### Your instructions
Please copy the lines below, exactly as they are, from the one with "Femme Noir Sneakers" through the one with "Жителям сгоревшей в", and leave out the pictures.

(Supplied data begins)

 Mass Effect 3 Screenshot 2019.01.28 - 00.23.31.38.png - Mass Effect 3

(Supplied data ends)
(Supplied data begins)

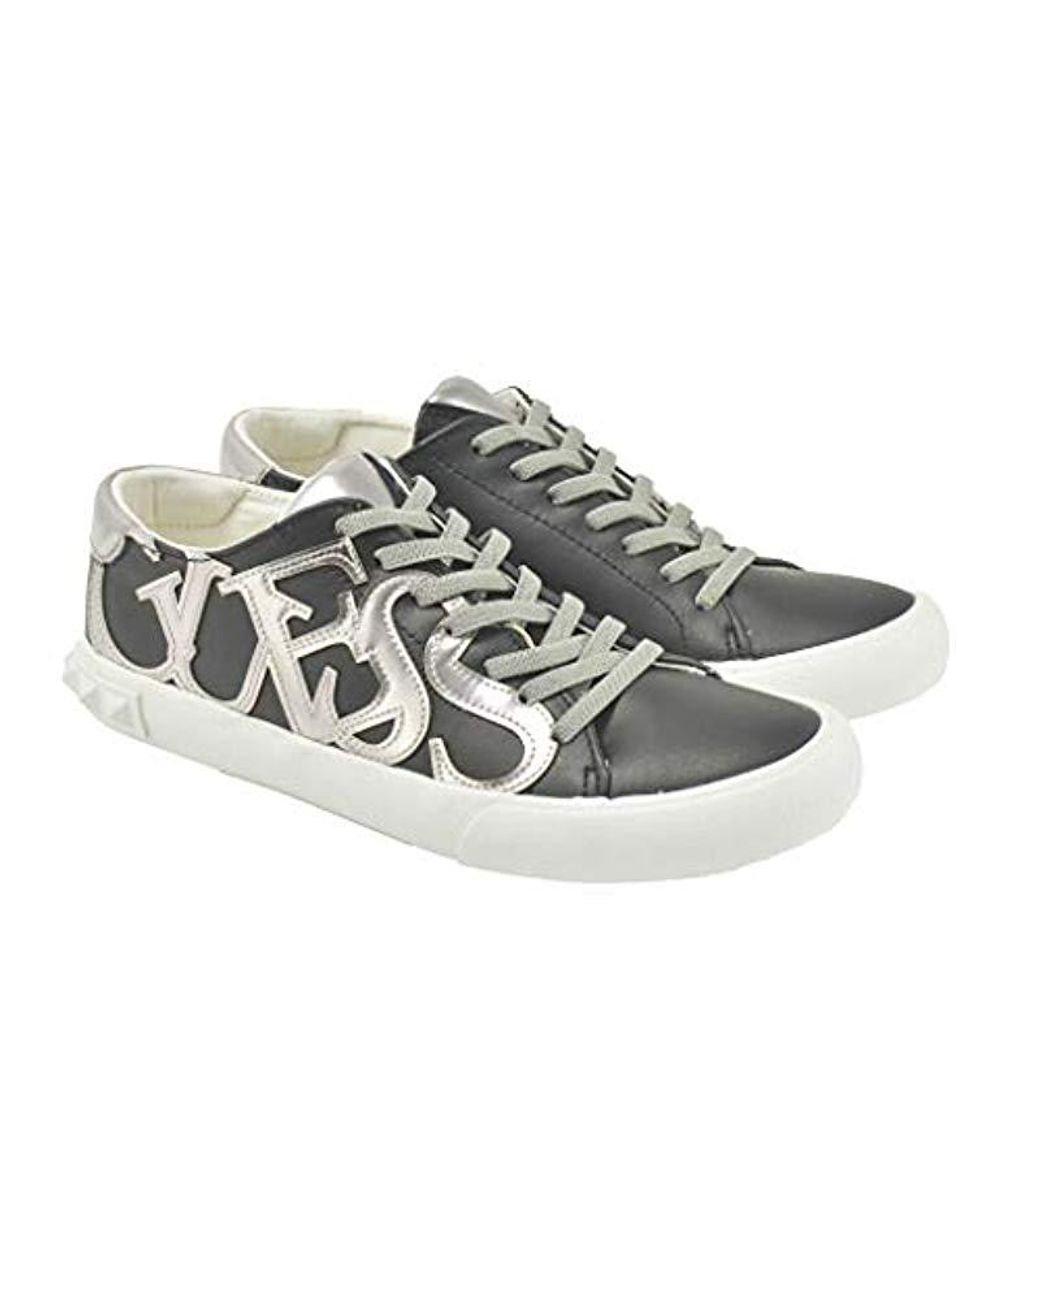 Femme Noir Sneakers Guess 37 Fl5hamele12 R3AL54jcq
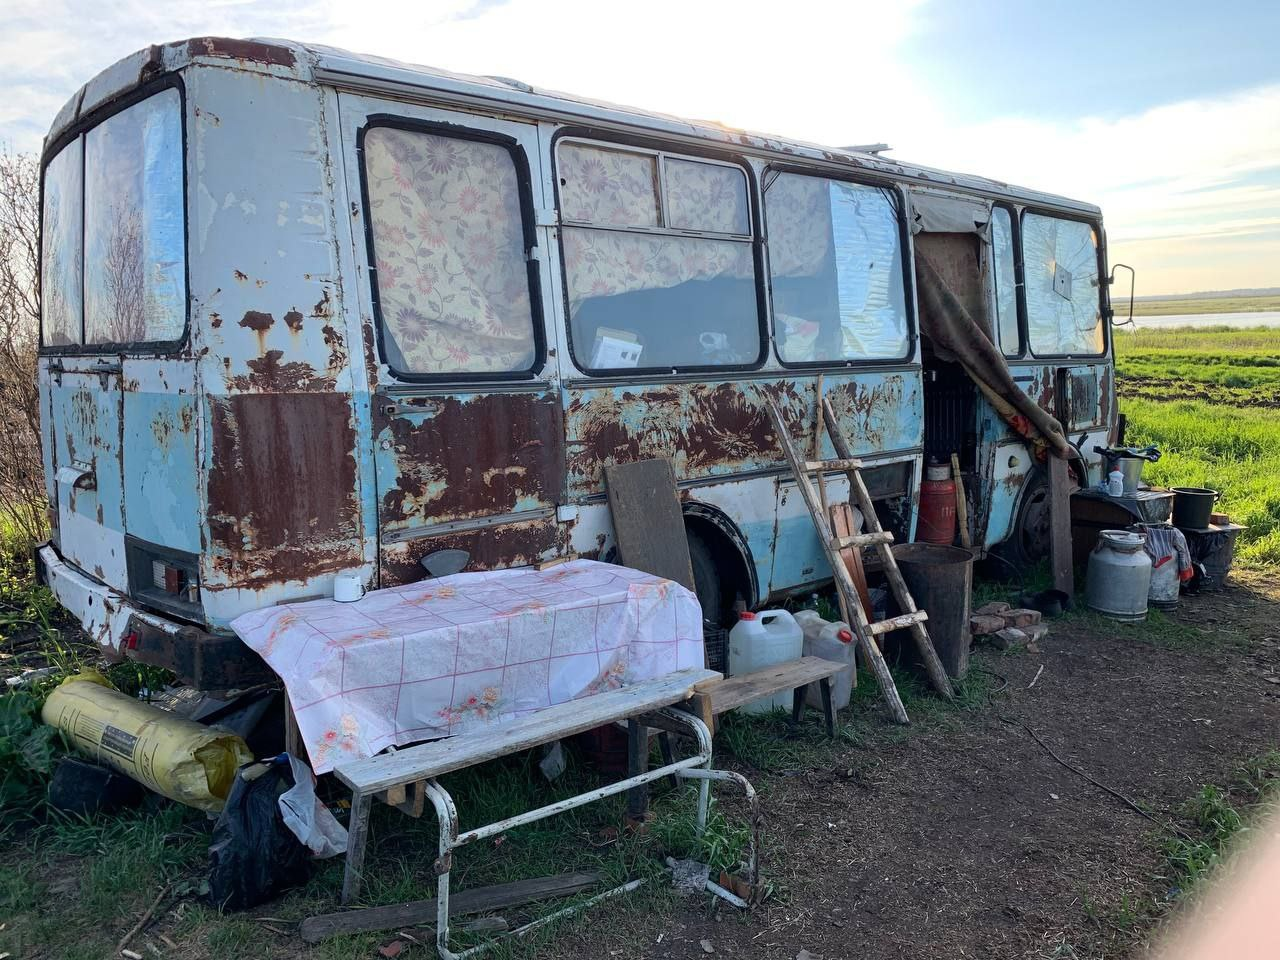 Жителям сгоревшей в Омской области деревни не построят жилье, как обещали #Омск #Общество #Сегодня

(Supplied data ends)

### Written answer
 Femme Noir Sneakers Guess 37 Fl5hamele12 R3AL54jcq
 Жителям сгоревшей в Омской области деревни не построят жилье, как обещали #Омск #Общество #Сегодня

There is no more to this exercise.